===== Data excerpt =====

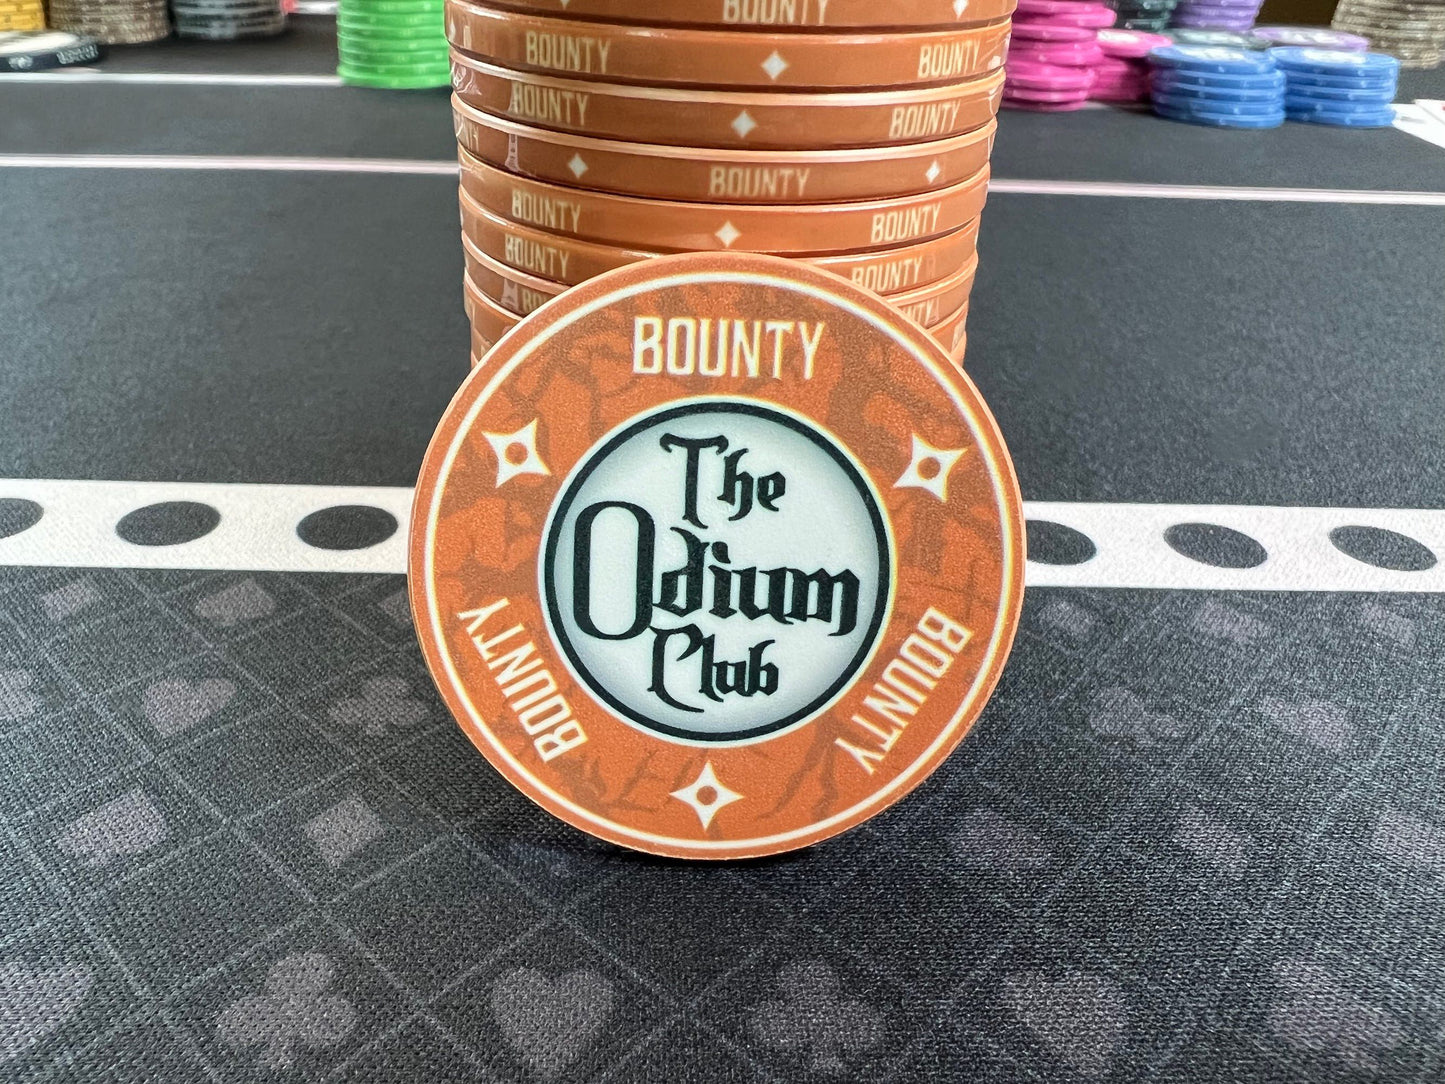 Odium Club Bounty Chips [43mm]
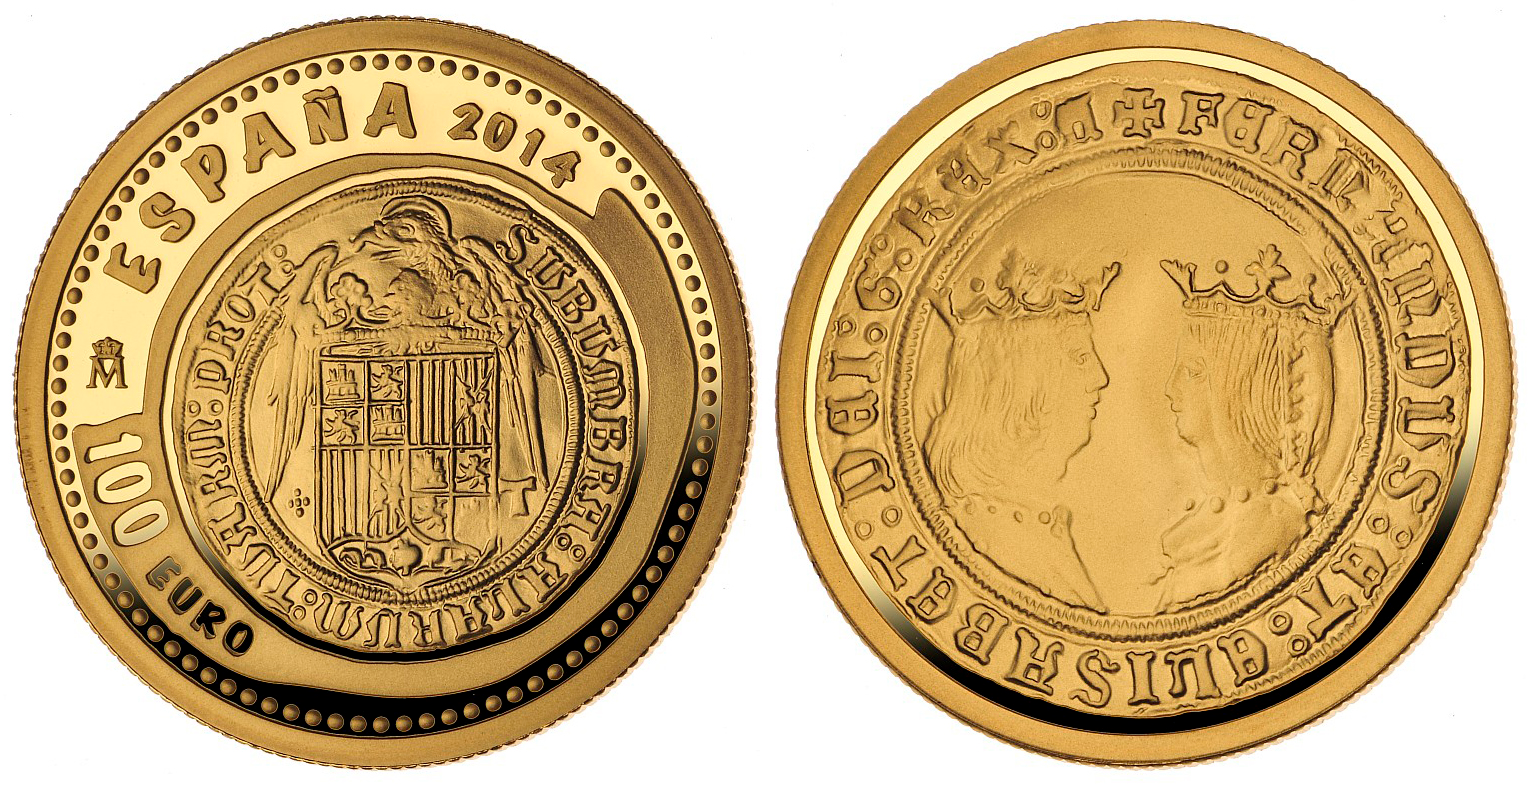 100 Euro монета. Испанские монеты. Монета евро Король. Испанские золотые монеты.
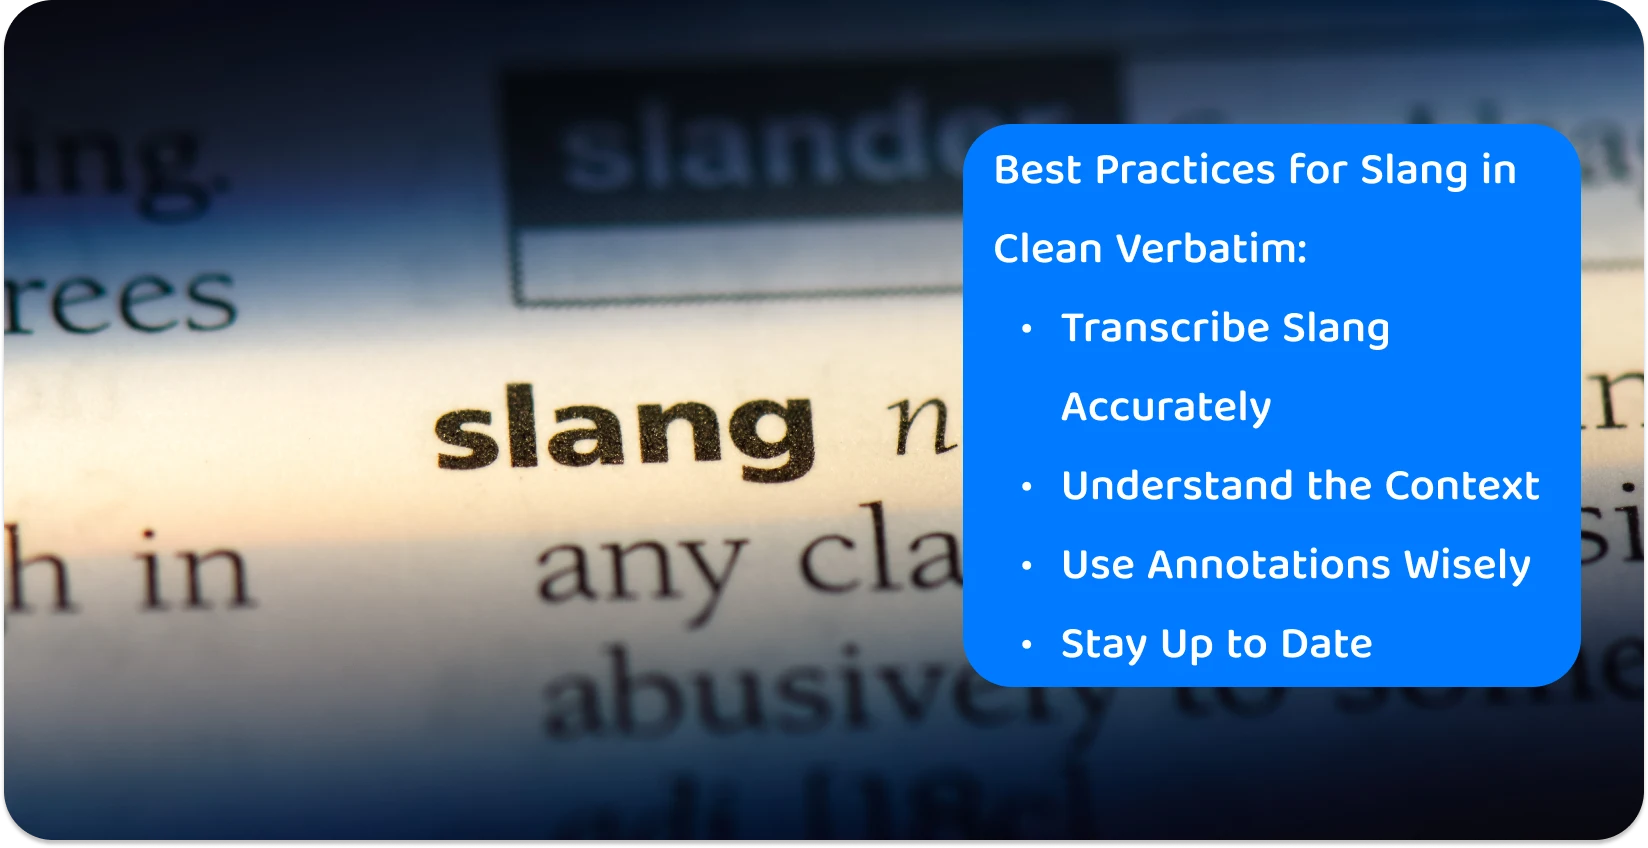 Tutup perkataan 'slang' dalam kamus, menonjolkan ketepatan yang diperlukan dalam amalan transkripsi untuk vernakular moden.
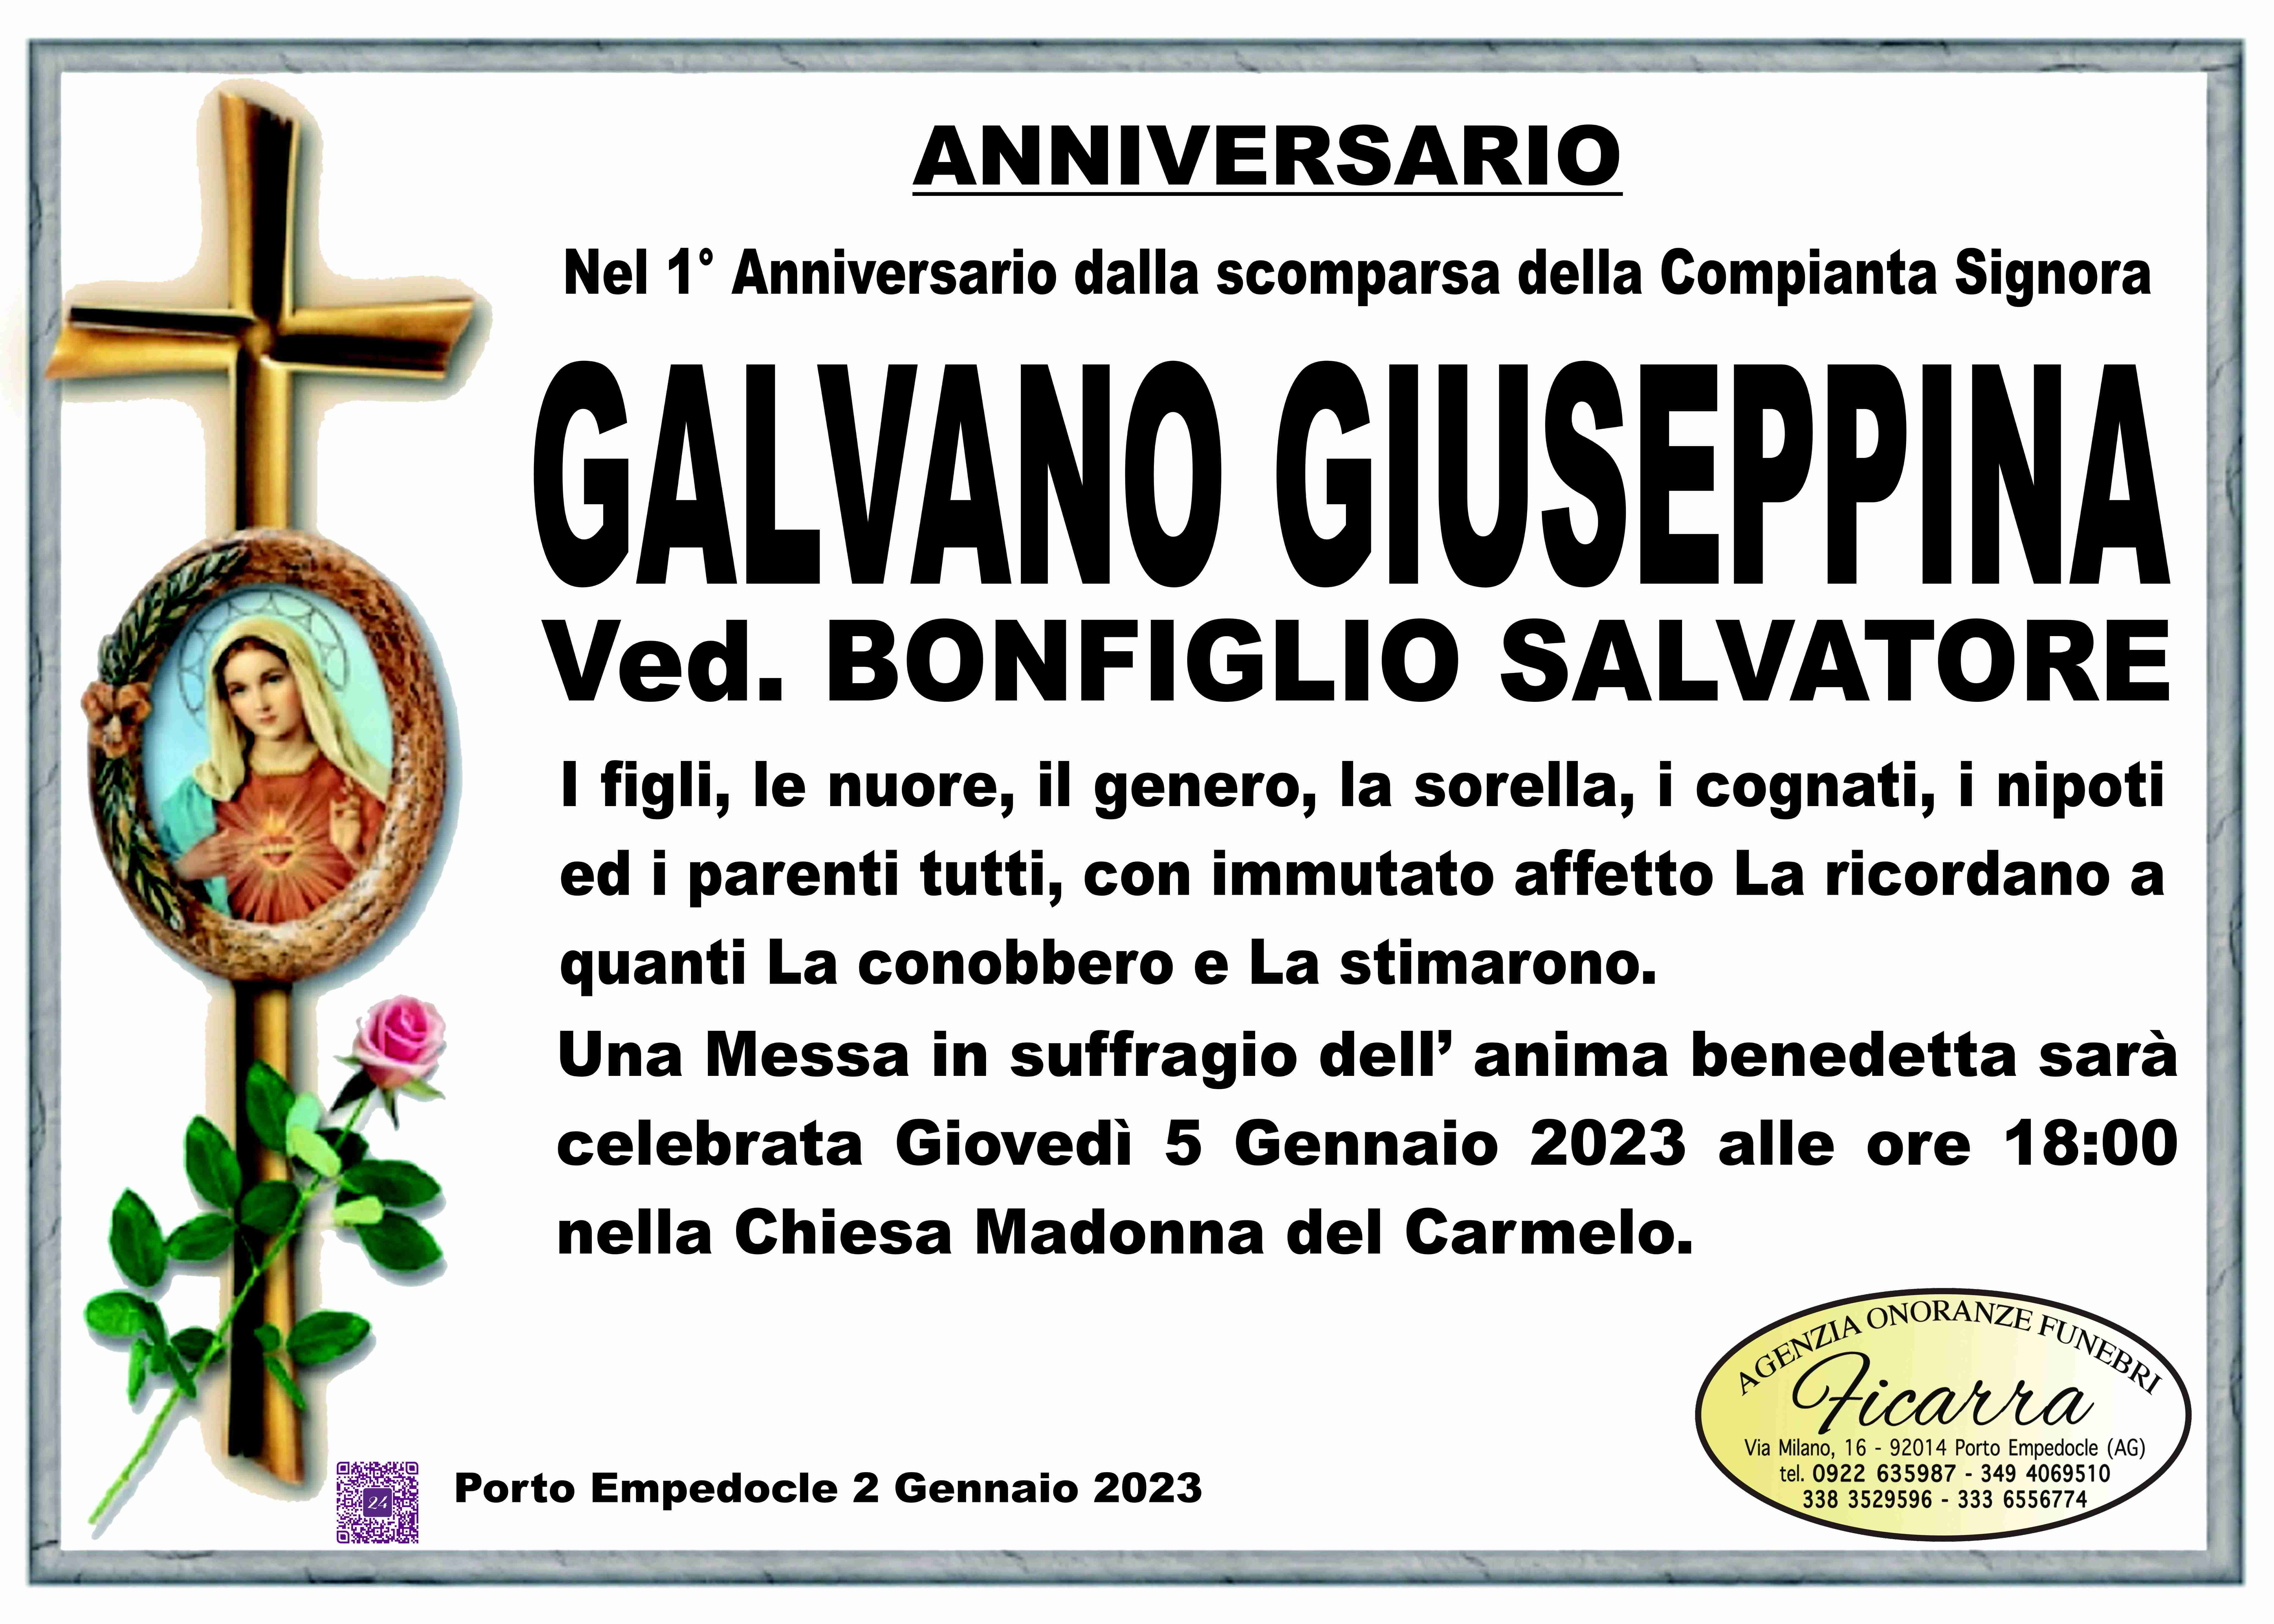 Giuseppina Galvano

=====

* [Exercise instructions]: Transcribe the preceding listing in its entirety and with exact wording, leaving out pictures.

* [Result for this task]:
 Odium Club Bounty Chips [43mm]
 100 Euro монета. Испанские монеты. Монета евро Король. Испанские золотые монеты.
 Tutup perkataan 'slang' dalam kamus, menonjolkan ketepatan yang diperlukan dalam amalan transkripsi untuk vernakular moden.
 Giuseppina Galvano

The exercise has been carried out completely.